Homer The Poet Quotes By Eva Brann

Did the gods once mingle with humankind, or is Homer a visionary madman, or, what is worse, a mere poet, a maker-up of beautiful falsities, an elegant liar? I shall grapple with that perplexity, only to emerge as I went in, in a cloud of unknowing, if perhaps a little the wiser. — Eva Brann

Homer The Poet Quotes By Edward Bulwer-Lytton, 1st Baron Lytton

Happy indeed the poet of whom, like Orpheus, nothing is known but an immortal name! Happy next, perhaps, the poet of whom, like Homer, nothing is known but the immortal works. The more the merely human part of the poet remains a mystery, the more willing is the reverence given to his divine mission. — Edward Bulwer-Lytton, 1st Baron Lytton

Homer The Poet Quotes By Anne Carson

He came after Homer and before Gertrude Stein, a difficult interval for a poet. — Anne Carson

Homer The Poet Quotes By Marcus Tullius Cicero

There were poets before Homer. — Marcus Tullius Cicero

Homer The Poet Quotes By Jean Le Rond D'Alembert

Thus metaphysics and mathematics are, among all the sciences that belong to reason, those in which imagination has the greatest role.
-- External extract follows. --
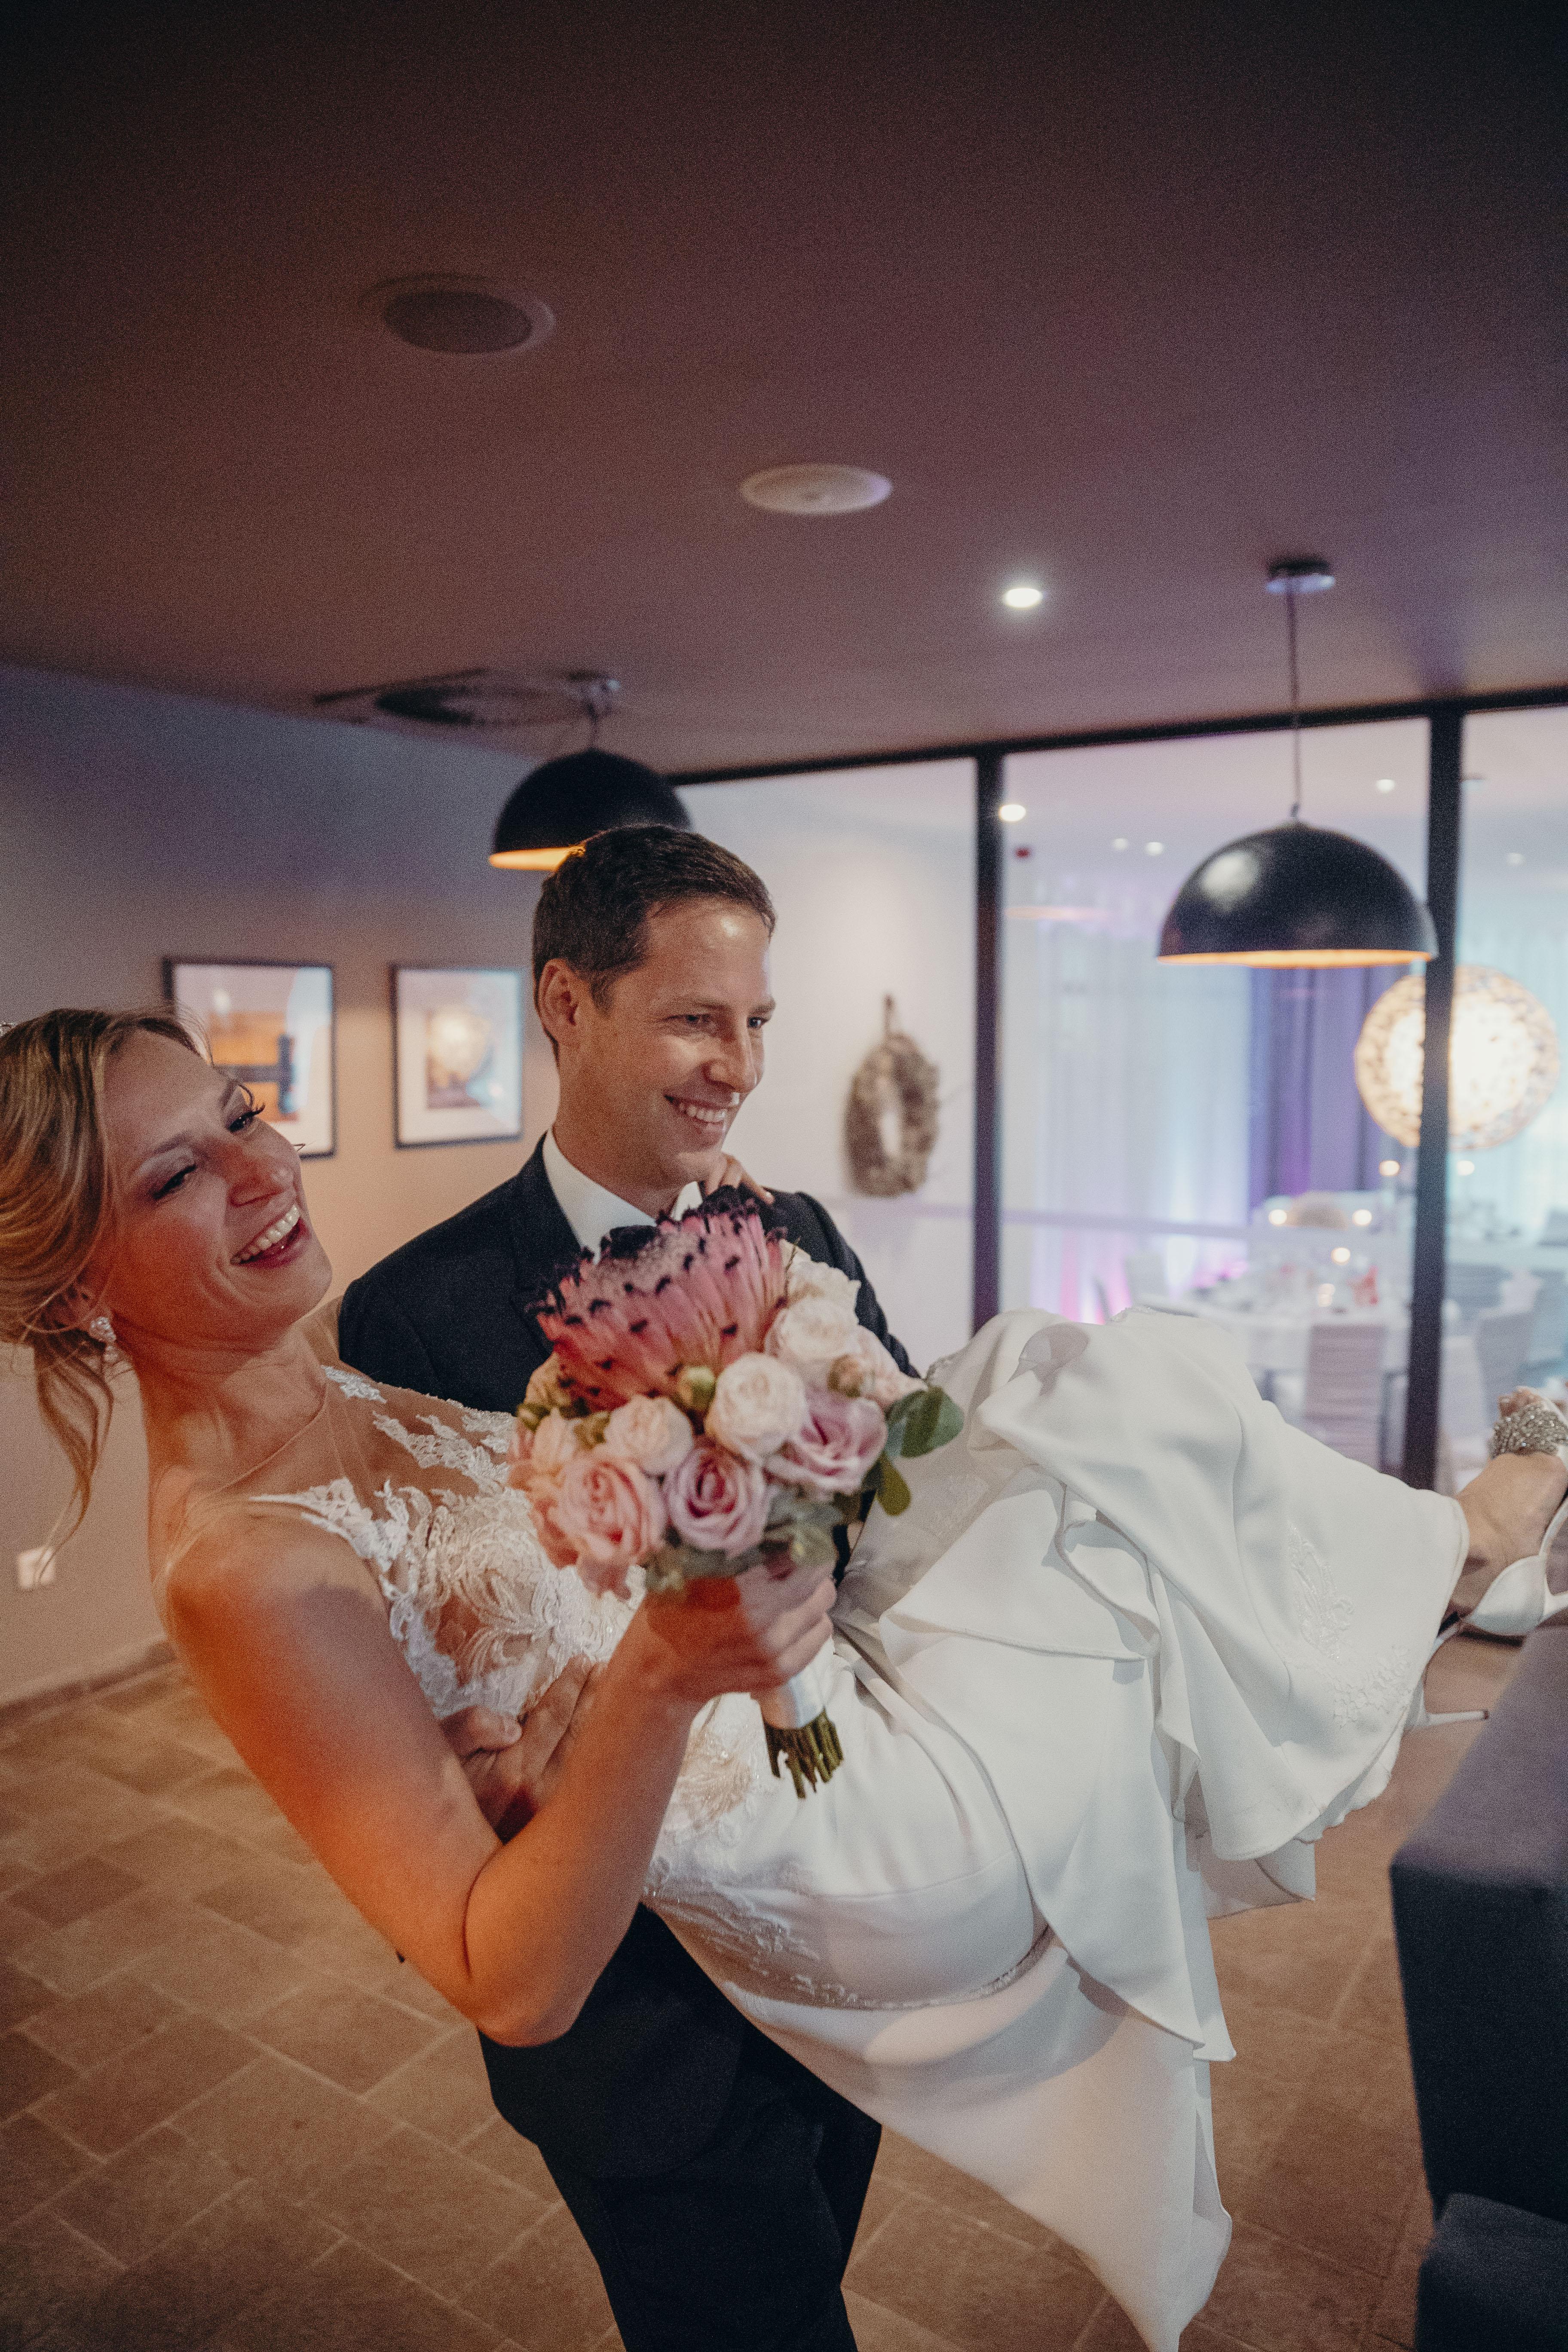 Svadba SALAMANDRA RESORT HOTEL 01, #svadobnyDJ, #svadba, #Salamandrahotel

I beg pardon of those delicate spirits who are detractors of mathematics for saying this ... The imagination in a mathematician who creates makes no less difference than in a poet who invents ... Of all the great men of antiquity, Archimedes may be the one who most deserves to be placed beside Homer. — Jean Le Rond D'Alembert

Homer The Poet Quotes By Plutarch

Antagoras the poet was boiling a conger, and Antigonus, coming behind him as he was stirring his skillet, said, "Do you think, Antagoras, that Homer boiled congers when he wrote the deeds of Agamemnon?" Antagoras replied, "Do you think, O king, that Agamemnon, when he did such exploits, was a peeping in his army to see who boiled congers? — Plutarch

Homer The Poet Quotes By Plato

Many are the noble words in which poets speak concerning the actions of men; but like yourself when speaking about Homer, they do not speak of them by any rules of art: they are simply inspired to utter that to which the Muse impels them, and that only; and when inspired, one of them will make dithyrambs, another hymns of praise, another choral strains, another epic or iambic verses- and he who is good at one is not good any other kind of verse: for not by art does the poet sing, but by power divine. — Plato

Homer The Poet Quotes By Aristotle.

For even they who compose treatises of medicine or natural philosophy in verse are denominated Poets: yet Homer and Empedocles have nothing in common except their metre; the former, therefore, justly merits the name of the Poet; while the other should rather be called a Physiologist than a Poet. — Aristotle.